By Helen Hunt & Michelle Fiddler
INSURANCE companies forced to pay compensation to a Merseyside
asbestos victim have won a court battle allowing them to shut
the door on further claimants.
Kensington pub landlord Patrick Downey and 10 other test cases
went to the high court in a landmark legal battle to allow
people diagnosed with plural plaques - an asbestos-related
disease which causes scarring of the lungs - to claim thousands
of pounds in compensation.
But insurance companies
Zurich
and Norwich Union challenged the decision and took it to the
court of appeal.
Lord Chief Justice Philips, Lord Justice Longmore and Lord
Justice Smith, sitting at the court of appeal in
London
yesterday, overturned the high court decision.
Mr Downey, 61, a former shop fitter living in New Brighton, was
exposed to asbestos while working as a labourer during the 70s
and 80s.
Now Mr Downey, owner of
Downey's pub in Kensington, faces having to hand over the
£4,000 he was awarded in May 2005.
Mr Downey's solicitor, Jean Harkin of Liverpool-based Harkin
Lloyd solicitors, said: "The decision means that plural plaques
is no longer a disease you can get compensation for.
"It has overturned 20 years of law in this country.
"The decision will be devastating for those suffering from
plural plaques living with the fear that they will go on to
develop future diseases, some of them fatal."
It is now possible that legal representatives for the claimants
will take the case to the House of Lords.
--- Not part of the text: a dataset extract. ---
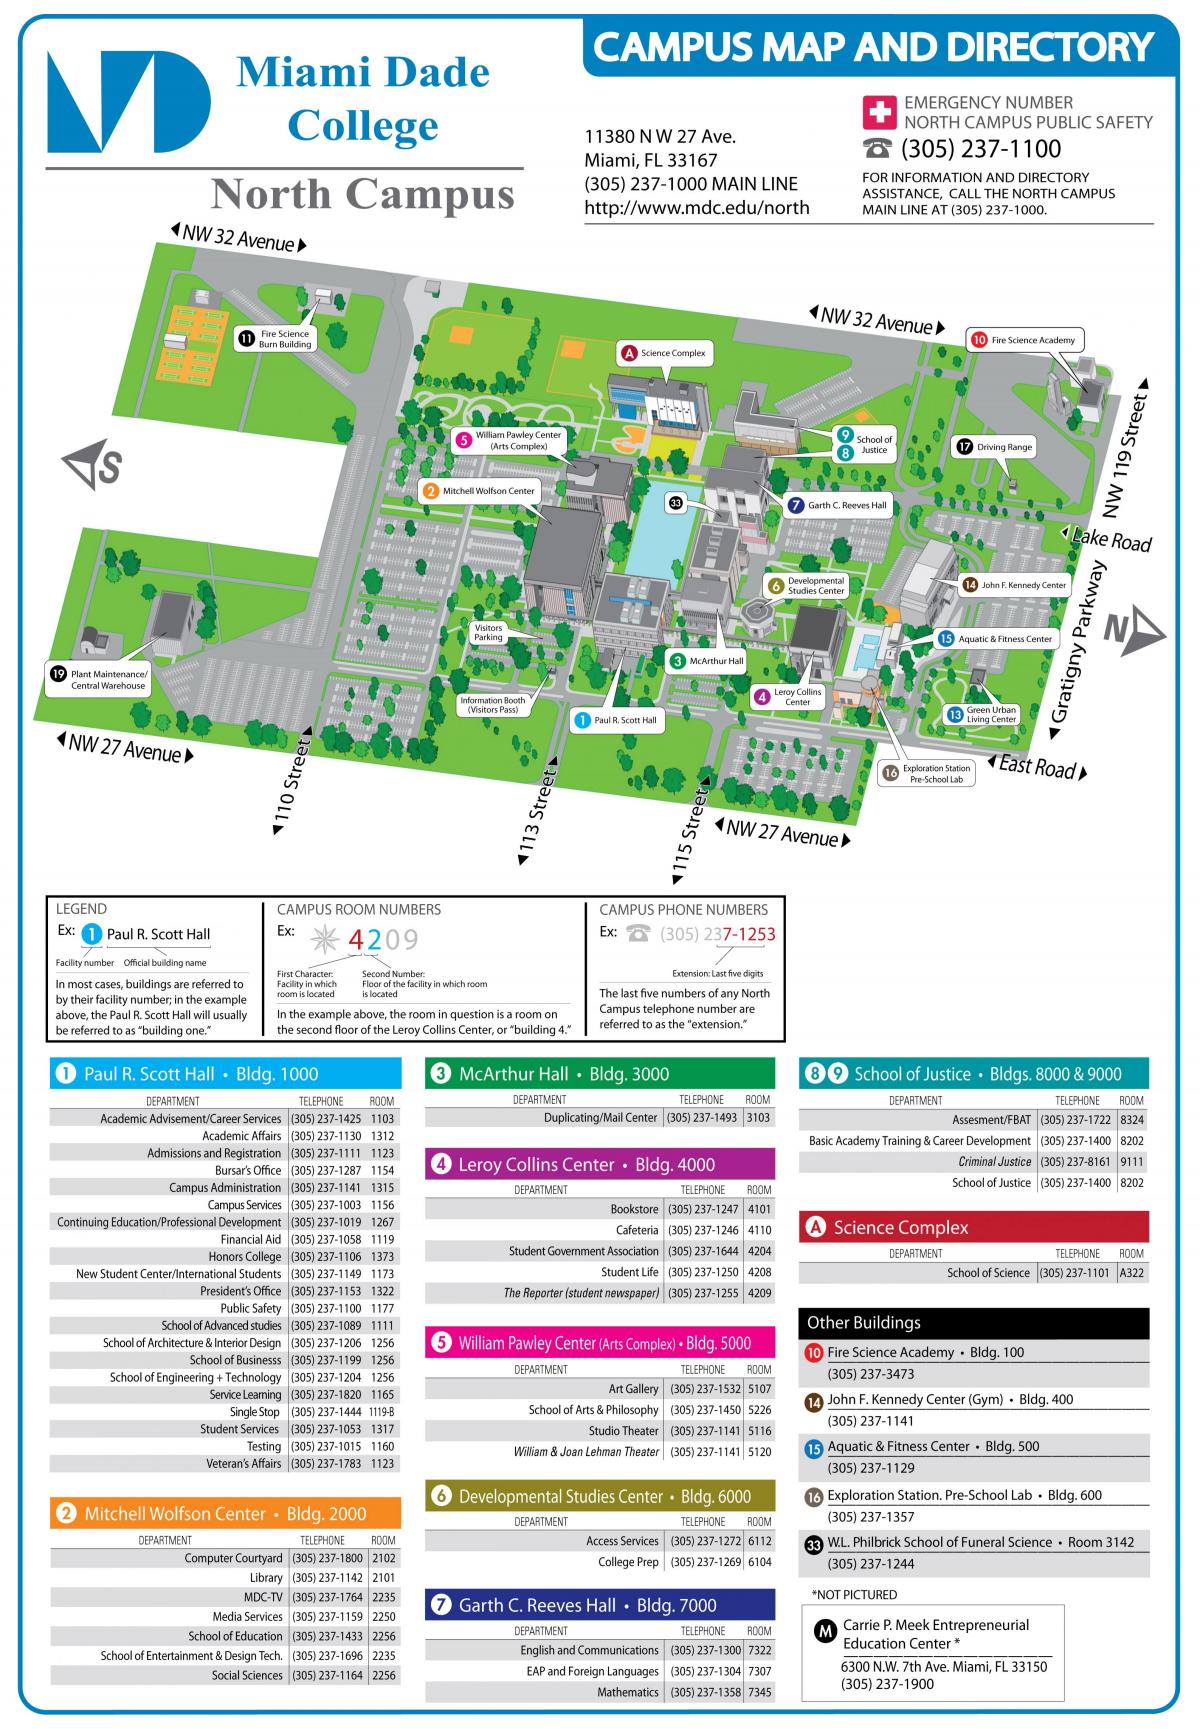 Miami Dade college Północno-Campus mapę
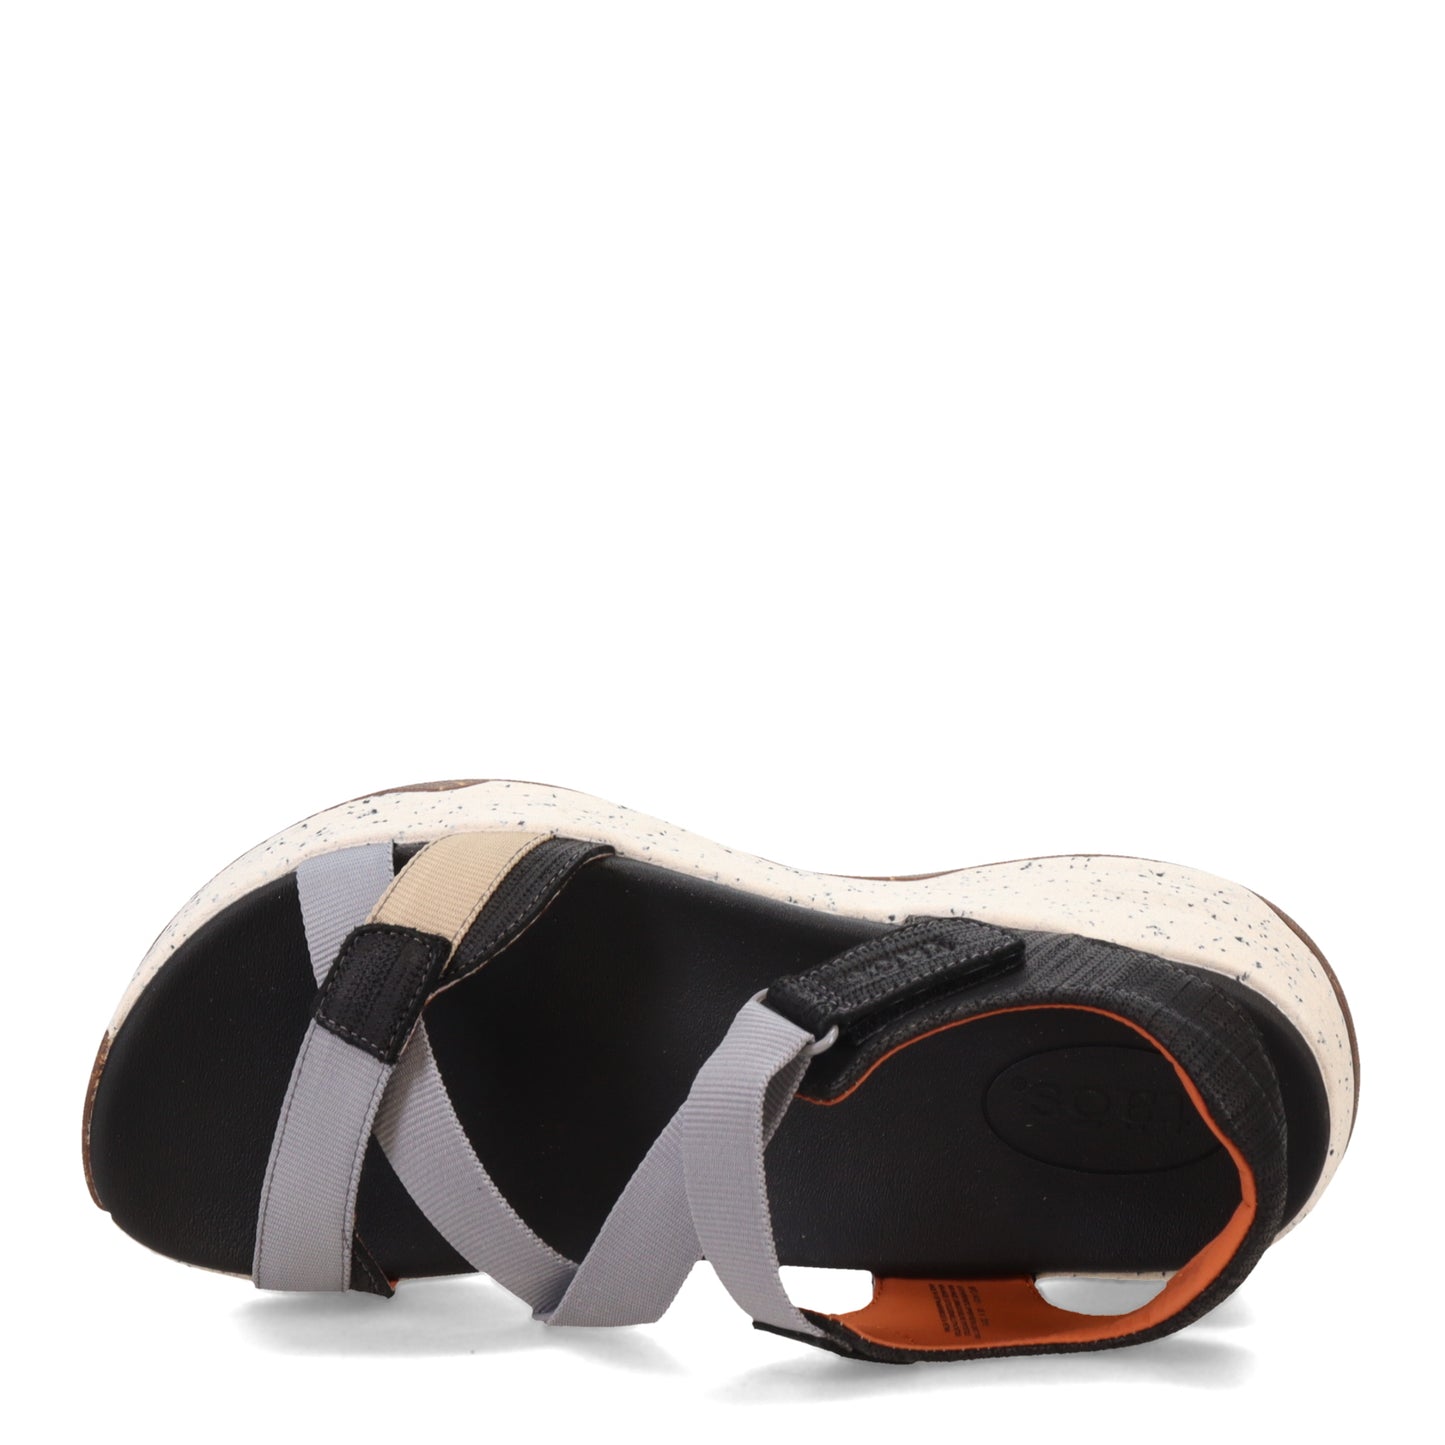 Peltz Shoes  Women's Taos Super Z Sandal Grey Multi SPZ-14131-GRYM

Ms Harkin added: "The claimants' solicitors and all the legal
teams involved will get together once the judgement has been
handed down in final form and make a decision on going to
appeal at the House of Lords."
* Plural plaques is the name given to scarring of the lining of
the lung caused by asbestos. This form of scarring is benign
and does not usually cause any significant
symptoms.
Plaques indicate that you have in the past been exposed to
asbestos in unprotected conditions and you may have a slightly
increased risk of going on to develop a more serious
asbestos-related illness in the future.".